El objetivo central será volver los niveles hormonales alterados a la normalidad. Para eso el primer procedimiento suele ser la extirpación quirúrgica de la mayor porción posible del tumor. Pero, en numerosas ocasiones, no se logra remover por completo y no se alcanzan las concentraciones esperadas. Surge entonces la segunda alternativa, o complemento: radiación y medicación para normalizar los procesos metabólicos. Y en esta vía se vuelve clave un afinado tratamiento farmacológico porque los efectos de la radioterapia pueden tardar varios años en hacerse sentir de manera efectiva.

Sobre esta línea, hace apenas un par de años, los investigadores farmacéuticos dieron con un sustancia análoga a la HC que fue modificada genéticamente de manera que compita con ella a la hora de buscar receptores moleculares específicos. La consecuencia es que, por la eficaz pugna que le plantea la análoga, el exceso de HC en el cuerpo no logra encender de manera eficaz la mecha de los procesos bioquímicos que desembocan en el sobrecrecimiento. Y los resultados positivos de este medicamento llegan al 97% de los casos.
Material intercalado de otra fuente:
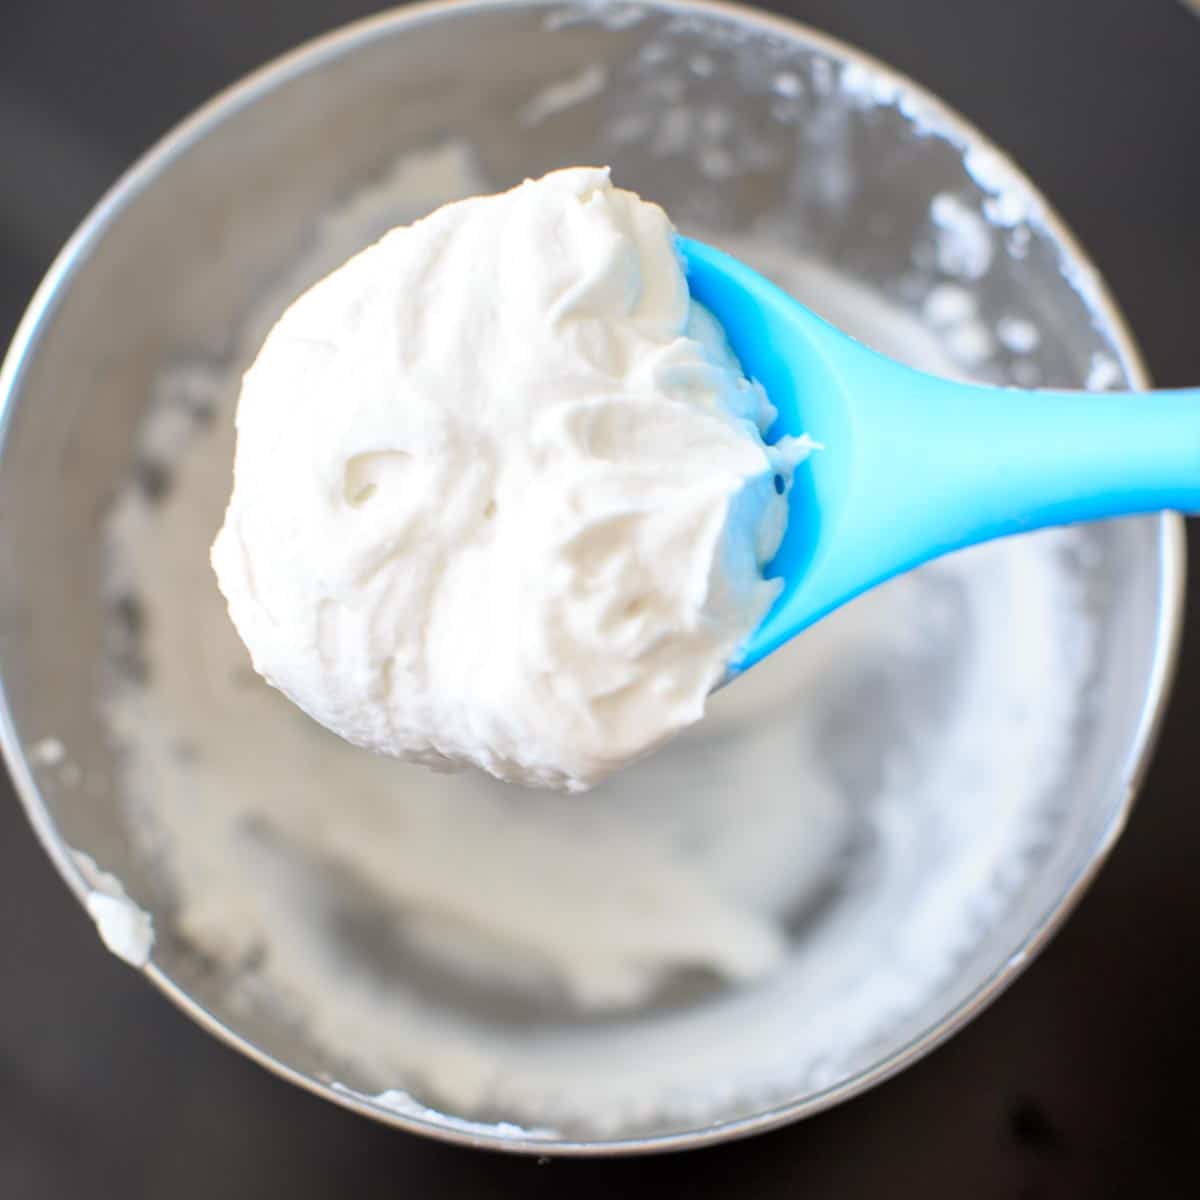 Vegan whipped cream made from coconut cream. Plus 4 flavors to try: chocolate, vanilla, peanut butter and cinnamon!

Evitando el golpe bajo, vale la pena volver al principio y cerrar el tema recordando que el campo del arte argentino brindó dos ejemplos de acromegálicos en los que los alargados miembros y pronunciados rasgos no fueron responsables de la fama de sus poseedores. Claramente fueron las dotes literarias y musicales las que hicieron un grande a Julio Cortázar y un gigante a Edmundo Rivero.